Od 2008 roku w kinach pojawiło się łącznie 28 filmy, z których prawie wszystkie biły kasowe rekordy ("Avengers: Koniec gry" to druga, po "Avatarze", najbardziej kasowa produkcja – zainkasowała ponad 2,8 mld dolarów) na świecie i zachwycały widzów oraz krytyków. Popularnością cieszą się również seriale Disney+, jak ostatni "Hawkeye", w którym zagrał Piotr Adamczyk. Na tym MCU nie poprzestaje – kolejne filmowe i serialowe tytuły czekają w kolejce.
Bill Murray w MCU
Marvel zgromadził już rzeszę uznanych aktorów i największych gwiazd, teraz dołącza do nich Bill Murray. 71-letni aktor już w październiku ubiegłego roku ogłosił, że zagra w trzecim filmie o Ant-Manie (Paul Rudd) i Wasp (Evangeline Lily) zatytułowanym "Ant-Man and the Wasp: Quantumania". Teraz w programie sportowym "The Eli Manning Show" gwiazdor uchylił rąbka tajemnicy. Na pytanie, jakie moce będzie miał jego bohater, odpowiedział: "Moja moc jest taka, że jestem złym kolesiem".Oznacza to, że Murray wcieli się najprawdopodobniej w jednego z antagonistów, z którymi zmierzą się Scott Lang i Hope Van Dyne. Głównym czarnym charakterem będzie bowiem Kang, w którego wcieli się Jonathan Majors i który pojawił się już w serialu Disney+ "Loki".
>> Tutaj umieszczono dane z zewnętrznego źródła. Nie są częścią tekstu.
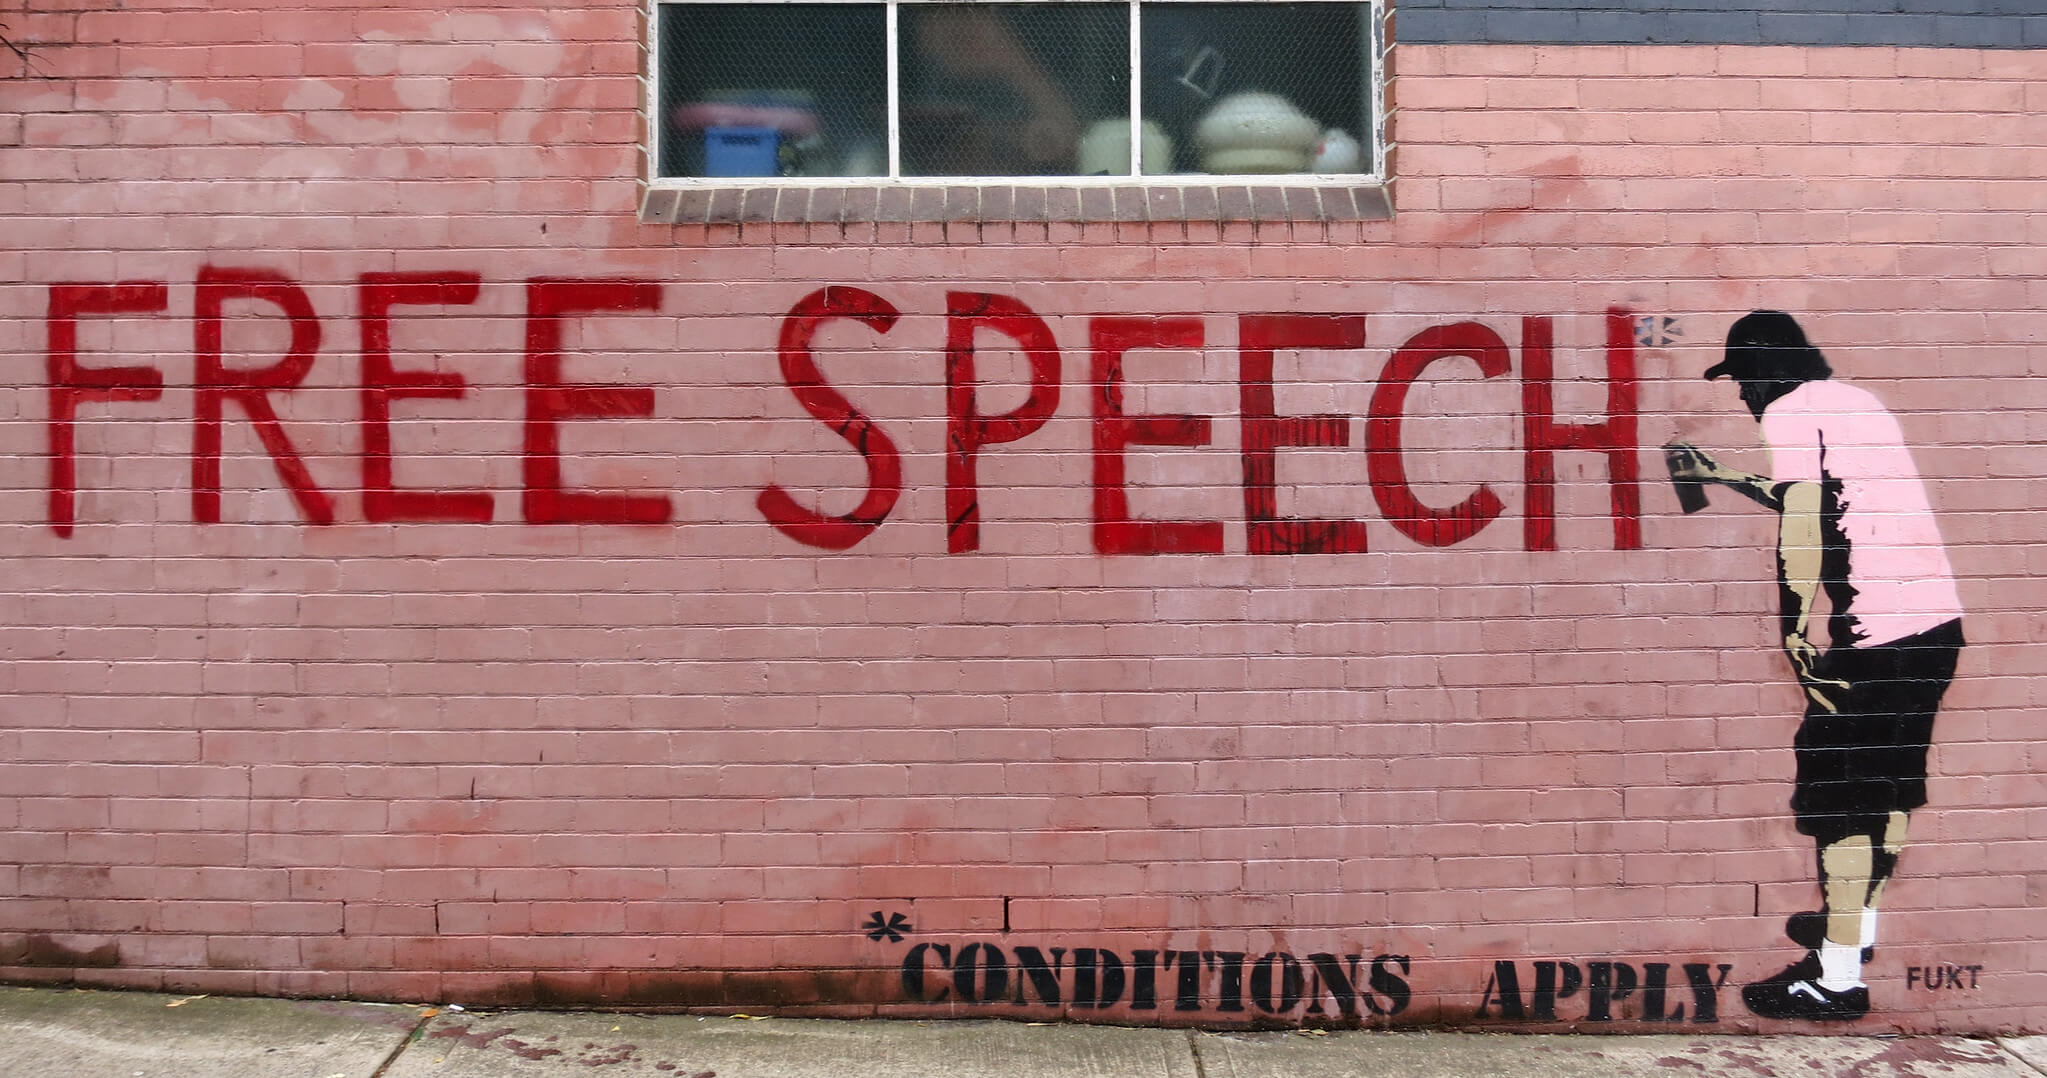 Free Speech * Conditions Apply by Fukt (Photo: Flickr/wiredforlego)

Fani spekulują teraz, którą komiksową postać zagra gwiazda "Pogromców duchów", "Dnia świstaka", "Zombielandu", "Grand Budapest Hotel" i "Między słowami". Niewykluczone, że będzie to MODOK, ale Marvel na razie takich informacji nie ujawnia. "Ant-Man and the Wasp: Quantumania" Peytona Reeda trafi do kin 28 lipca 2023 i zagrają w nim również Michael Douglas oraz Michelle Pfeiffer.
A co Murray sądzi o dołączeniu do dochodowego świata Marvela? – Niektórzy byli bardzo zdziwieni, że zdecydowałem się akurat na taki projekt. Ale dla mnie sytuacja była jasna: poznałem reżysera i bardzo go polubiłem. Był błyskotliwy, skromny i miał wszystko, czego chcesz od reżysera. A lata temu nakręcił film "Dziewczyny z drużyny", który moim zdaniem jest naprawdę dobry – mówił w październiku i dodał, że Reed to "dobry gość".
Swojej przygody z MCU raczej nie zamierza jednak powtórzyć. – Przynajmniej spróbowałem, jak to jest nakręcić film Marvela. Ale myślę, że nie potrzebuję powtarzać tego doświadczenia – powiedział w charakterystycznym dla siebie stylu.